The correct answer to the OP is the one already given: The set of lines through the center of a circle and the set of lines through the center of a sphere have the same cardinality, meaning that, with a little work, you can establish a one-to-one correspondence (a bijection) between them. That is, they are the same “size” of infinity. They also have the same cardinality as the real numbers \mathbb R, the plane \mathbb{R}^2, any n-dimensional space \mathbb R^n, and the surface of a sphere of any dimension (sorry @Exapno_Mapcase, there is no difference in cardinality between the surfaces of the various spheres).

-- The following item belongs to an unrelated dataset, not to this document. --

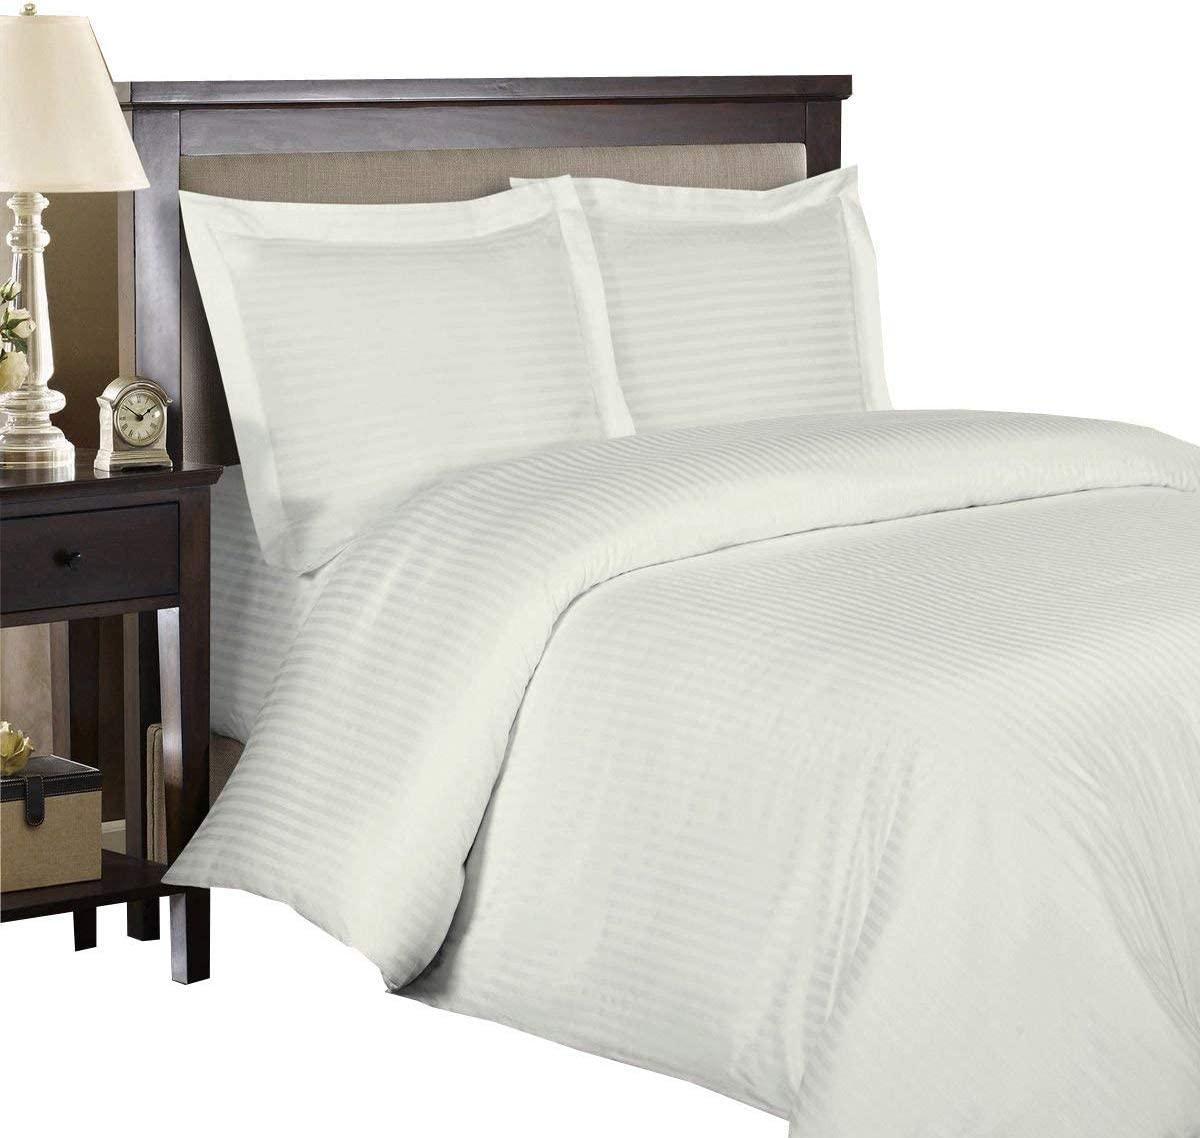 Royal Hotel Ultra Soft Duvet Cover Set, 3PC Duvet Set, Wrinkle-Free, Button Closer, Striped Sateen, Duvet Covers - Full/Queen - Ivory

That having been answered, let me confuse things by giving a way in which the sets of lines through the center of a circle and the center of a sphere have different sizes. These sets have “shapes,” or topologies. A line through the center of a circle can be identified with the two antipodal points through which it crosses the circle, so we can think of the set of such lines as the circle itself with opposite points identified, which just gives you another circle. Similarly, a line through the center of a sphere can be identified with the two antipodal points where it crosses the sphere, and the set of such lines can be thought of as the sphere with opposite points identified. That doesn’t give you another sphere, it gives what’s called a projective plane. (We know it’s not a sphere because it contains, for example, a copy of the Möbius strip.)
The circle and the projective plane are examples of manifolds, shapes that look locally like pieces of a line, a plane, 3-space, or n-dimensional space \mathbb R^n in general. The surface of a sphere is another example of a 2-dimensional manifold: If you’re standing on the surface and can see only a short distance, it looks flat to you, like a piece of a plane, you don’t see the whole thing curve over on itself.
But manifolds have well-defined dimension: A circle is 1-dimensional and the projective plane is 2-dimensional, and it turns out that you cannot define a continuous bijection between them because of that. It’s in that sense that you might want to say that the two sets have different sizes. They have the same cardinality, but not the same dimension.
Moral: When you’re comparing sizes of things, you have to be very careful to say what you mean by “size.”